Thursday, September 29, 2011

Eating out while on the road

About a year after starting my new way of eating, I started eating out again.  That sounds really restrictive, but in reality, I honestly hadn't felt much like eating out until then.  The food we were cooking at home was delicious - deliciously simple.

Then, in August, we spent some time in hotels and with family on trips to Toronto and Ottawa, as well as a few days camping in a provincial park.  I had to make some choices about what to eat and learned a couple of things in the process.

The first thing I learned is that when staying with relatives, it can be hard to turn down homemade breakfast pancakes, especially when said relatives take pride in their "healthy" approach to food, and load up generously on whole grains as recommended by Canada's Food Guide.  I made a couple of executive decisions based more on tact than I would have normally preferred, and which admittedly compromised my diet a little.  But since we were only there for two days, no great harm was done.  For breakfast, I ate just one pancake with some fresh raspberries rather than a stack slathered in butter and maple syrup.  At a barbecue where hamburgers were served with corn on the cob, brown rice salad and green salad, followed by apple pie and ice cream (5 carb portions when you include the bun), I limited myself to the burger without the bun, a large portion of green salad with a small helping of rice salad on the side.  I was able to gracefully pass on the desert because this was plenty. 
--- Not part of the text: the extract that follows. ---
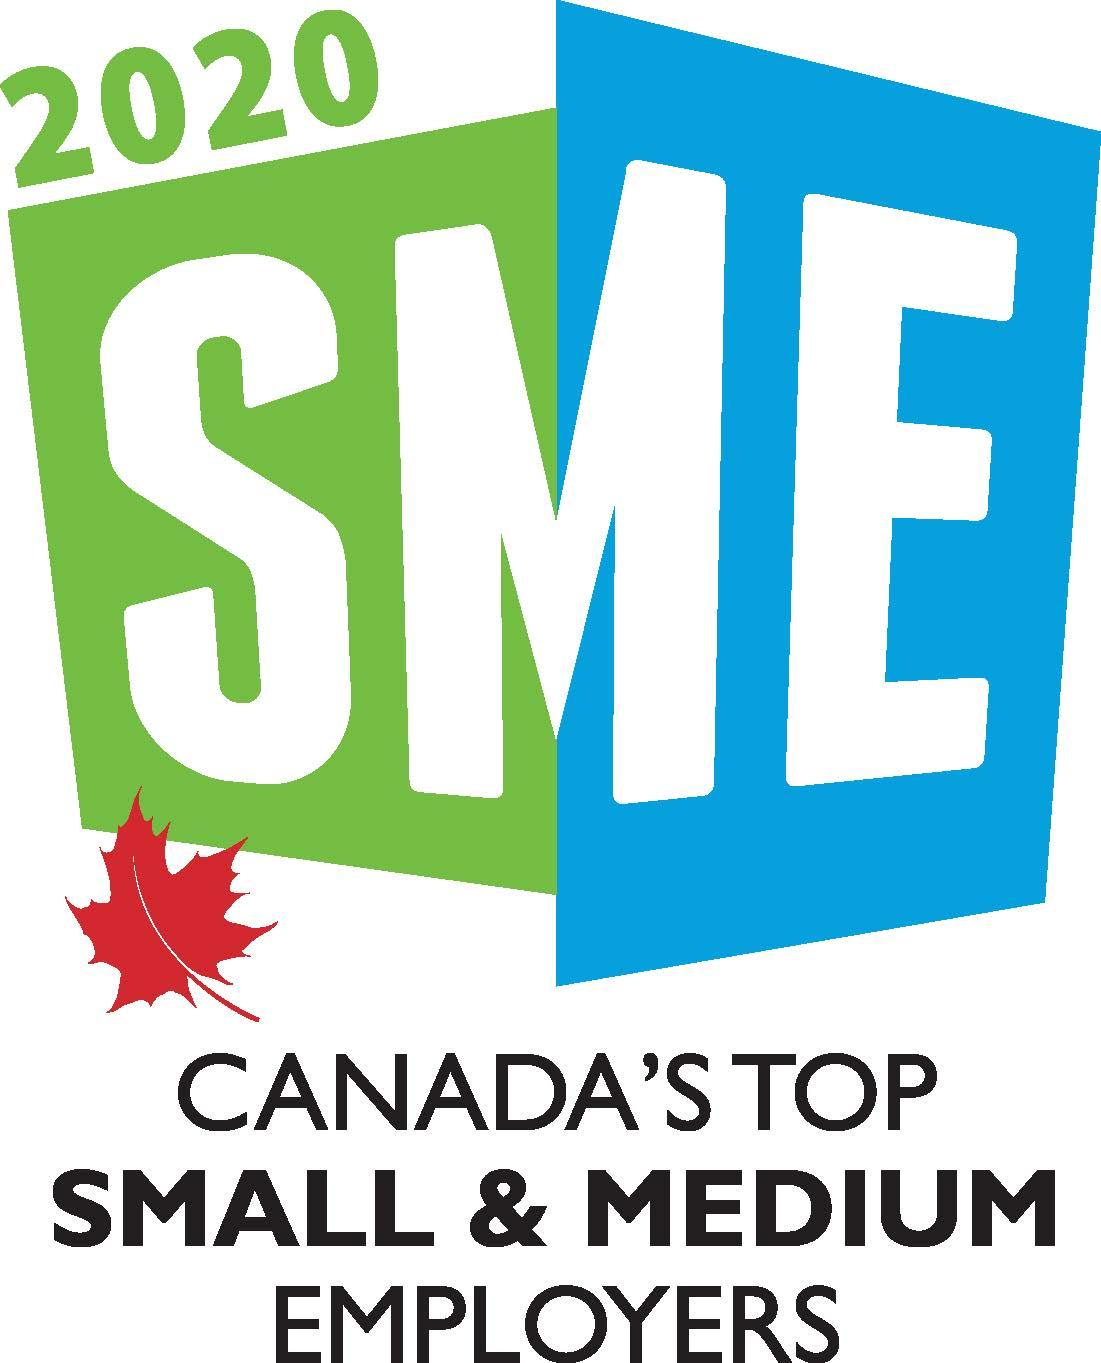 Canada's Top Small & Medium Employers (2020, 2019, 2018, 2017, 2016, 2015, 2014, 2013, 2012, 2011, 2010, 2009, 2008, 2007, 2006, 2005)

We also ate at a couple of restaurants which were resounding successes.  At a Vietnamese restaurant, I ordered a delicious barbecued chicken dish, which, according to the menu, came with salad, bean sprouts and rice noodles.  The owner was more than happy to substitute more salad for the rice noodles.  Similarly, at a Thai takeout, I ordered a magnificent stir-fry.  When I asked if they would hold the rice that came with the dish, the server asked if I would like bean sprouts instead.  The way she asked me, I realized I wasn't the first customer who had made this request.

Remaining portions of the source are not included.